Добрался я до Малеевки с мучением, натерпелся, можно сказать. Дорога от шоссе (там меня высадили с попутного автобуса) напоминает Кузнецк — такая же топкая грязь. Я сразу промочил ботинки, разулся, выжал носки и зашагал босиком, таща на спине чемодан со стенограммами, книгами. Жара, грязь, я в пальто, с чемоданом, вспотел, устал.
Смирнов со мной не поехал, он выезжает завтра. Воображаю, как он дотащится. Выйду его встречать. Впрочем, к завтрему, может быть, высохнет, потому что второй день погода стоит превосходнейшая. Зина и Тарасов приедут, вероятно, дня через два.
В последние дни в Москве я читал кое-кому свои страницы — вступление, главу о Курако, еще кусочки. Представь, всеобщее одобрение.
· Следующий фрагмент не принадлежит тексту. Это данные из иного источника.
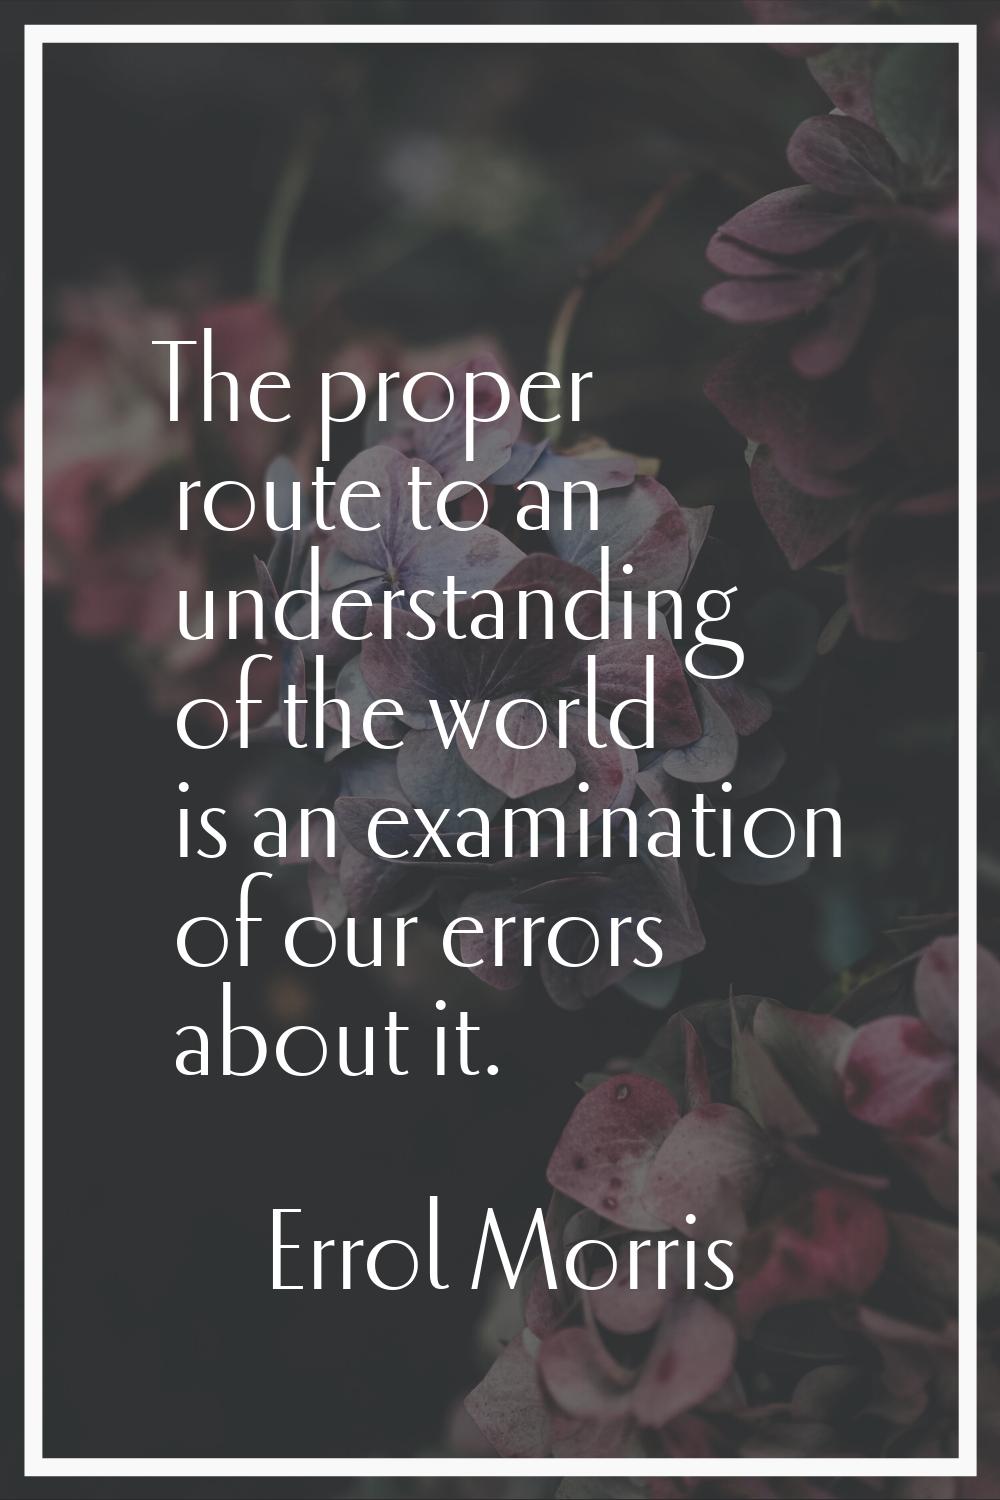 The proper route to an understanding of the world is an examination of our errors about it.

Я прямо удивлен — люди буквально восторгаются, говорят, что очень хорошо, замечательно и т. д. Ф. и Н. аплодисментами прерывали вступление. Это все меня порадовало и зарядило. Я поэтому решился: позвонил Авербаху — «хочу тебе кое-что почитать, в частном порядке, посоветоваться, поговорить». Он назначил на одиннадцатое вечером. Отъезд я все-таки не стал откладывать. Съезжу к нему отсюда. Прочту ему вступление, Курако (отделаю еще завтра здесь в Малеевке), кое-что еще, набросанное в Москве. Во всяком случае, это будет интересная встреча.
11 июня.
Еду из Малеевки в Москву. Пишу в поезде. Клонит в сон. Встал я сегодня в пять утра и отправился на станцию. Дорога пустынна, на шоссе почти нет движения. Всего две подводы и два человека попались мне навстречу. Я шел пешком. Ямщиков нет, - их раскулачили и послали рубить лес. На автобус попасть можно только с боем.
В Малеевке надоедают комары, в остальном все хорошо. Кормежка приличная. Вчера сюда добрался Николаша.
Работая, я думал о Сибири. Да, если всерьез становиться на писательский путь (а это, как видно, так), к Сибири придется вернуться. Но не в очерковом романе. Меня тянет к сюжетным вещам с человеческими судьбами и т. д. Типа, например, «Судьбы Шарля Лонсевиля» Паустовского. Мне очень нравится эта вещь, она напечатана в альманахе «Год шестнадцатый».